An athlete executing a long jump leaves the ground at a 30.3 angle and travels 7.68 .

What is the take off speed?

If this speed were increased by just 3.0%, how much longer would the jump be?

To find the takeoff speed, we can use the principles of projectile motion.

First, let's break down the information given:
- Angle of takeoff (θ) = 30.3°
- Distance traveled (d) = 7.68 m

We can use the following equation to determine the takeoff speed (v):
d = (v^2 * sin(2θ)) / g

Here, g represents the gravitational acceleration, which is approximately 9.8 m/s^2.

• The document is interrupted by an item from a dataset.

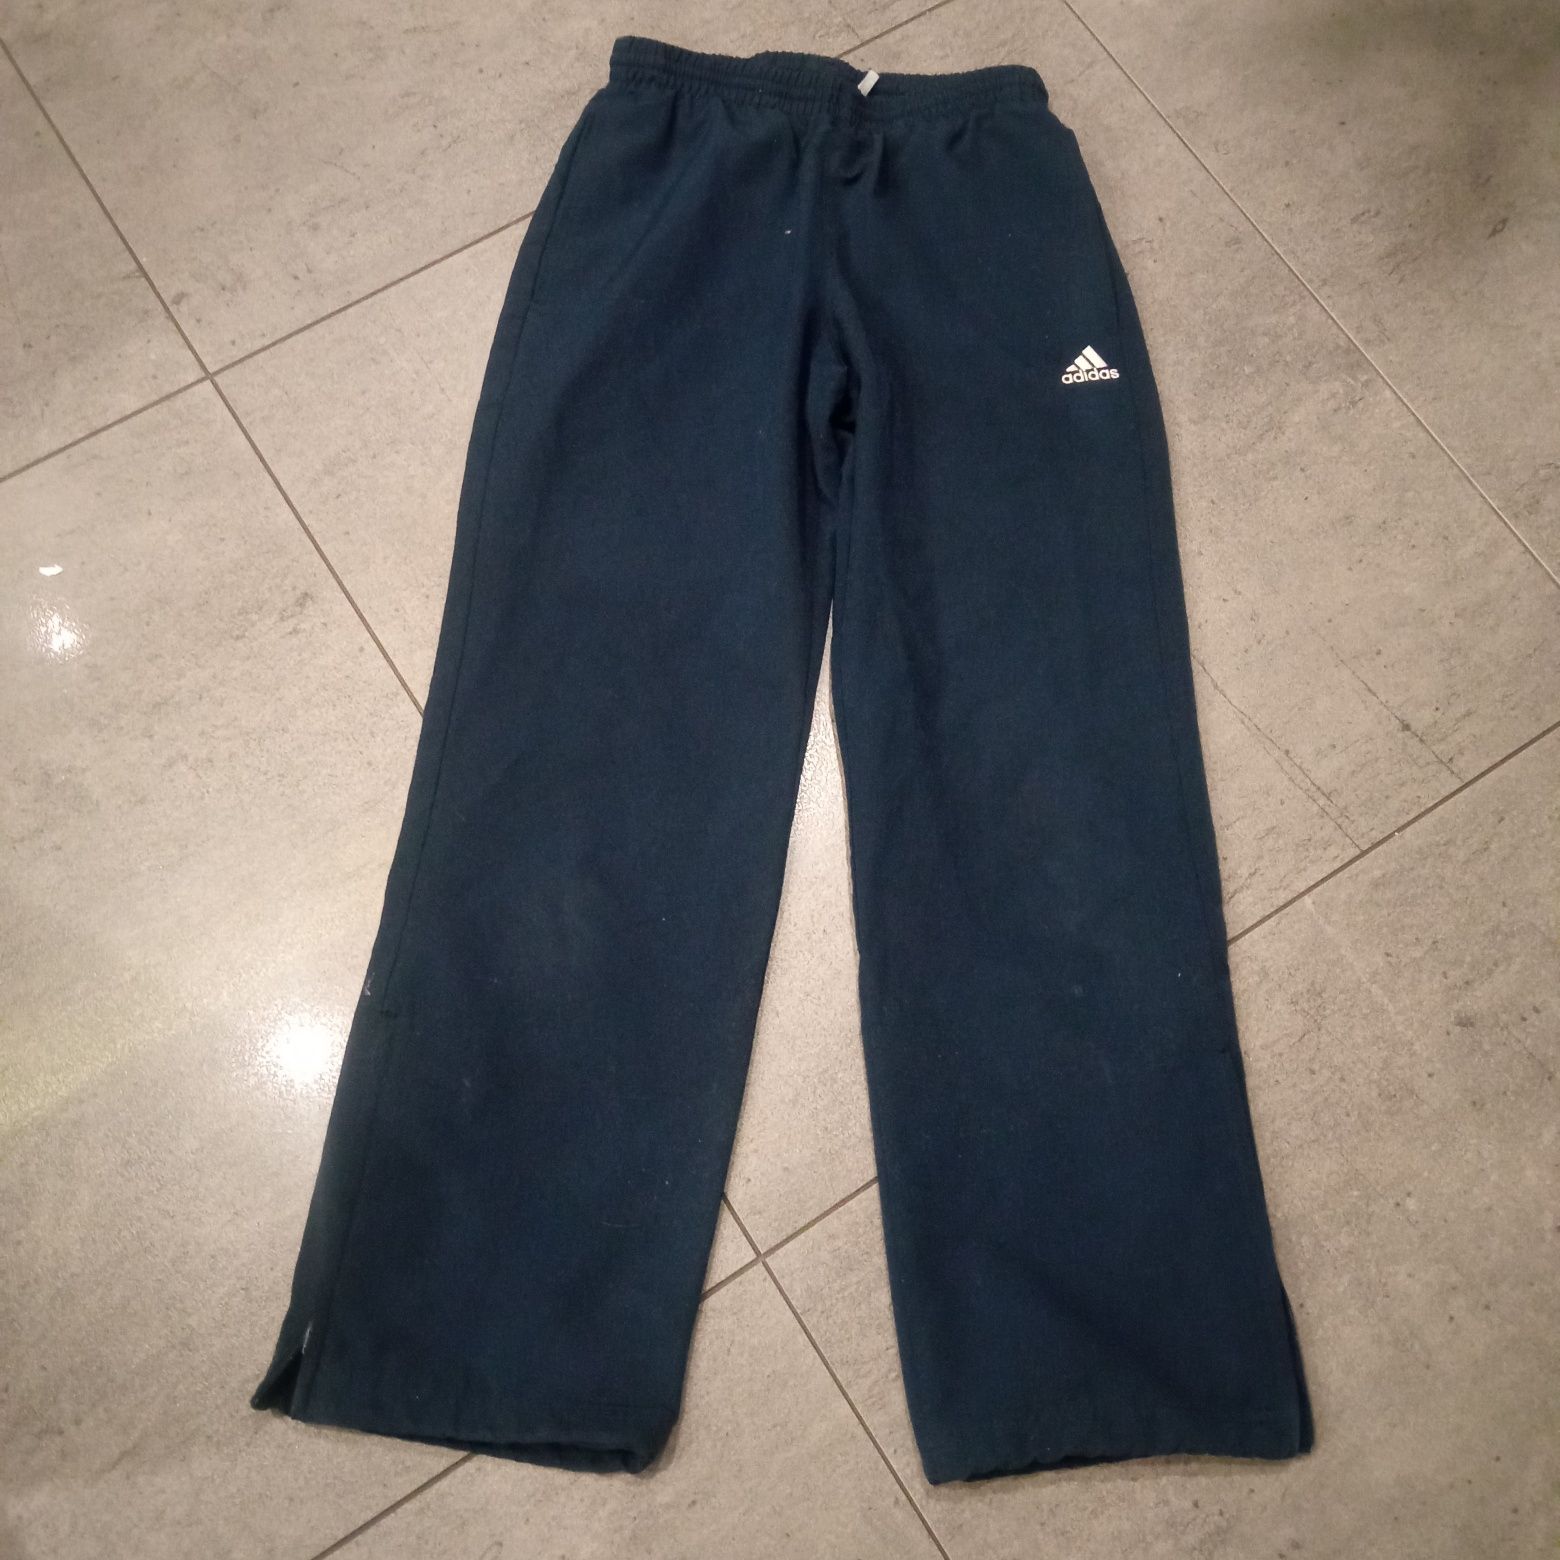 Spodnie dresowe Adidas, rozmiar 140 cm

Rearranging the equation, we have:
v = sqrt((d * g) / sin(2θ))

Now, let's substitute the values given into the equation and calculate the takeoff speed:

θ = 30.3°
d = 7.68 m
g = 9.8 m/s^2

v = sqrt((7.68 * 9.8) / sin(2*30.3))

Calculating the expression inside the square root:
sin(2*30.3) ≈ 0.9876

v = sqrt((7.68 * 9.8) / 0.9876)
v ≈ sqrt(75.398/0.9876)
v ≈ sqrt(76.328)

Therefore, the takeoff speed is approximately 8.74 m/s.

Now, let's move on to the second part of the question.

If the takeoff speed is increased by 3.0%, we need to find the new distance traveled.

To do this, we can calculate the new takeoff speed by adding 3.0% of the original speed to the original speed. Then, we can calculate the new distance using the same equation.

First, let's calculate the new takeoff speed:
New takeoff speed = 1.03 * 8.74
New takeoff speed ≈ 9.00 m/s (rounded to two decimal places)

Now, we can plug the new takeoff speed into the equation to calculate the new distance:
New distance traveled = (v^2 * sin(2θ)) / g

Using the same values for θ and g, and substituting the new takeoff speed, we have:
New distance traveled = (9.00^2 * sin(2*30.3)) / 9.8

Calculating the expression inside the square root:
sin(2*30.3) ≈ 0.9876

New distance traveled = (81.00 * 0.9876) / 9.8
New distance traveled ≈ 8.15 m (rounded to two decimal places)

Therefore, increasing the takeoff speed by 3.0% will result in the jump being approximately 0.47 m longer.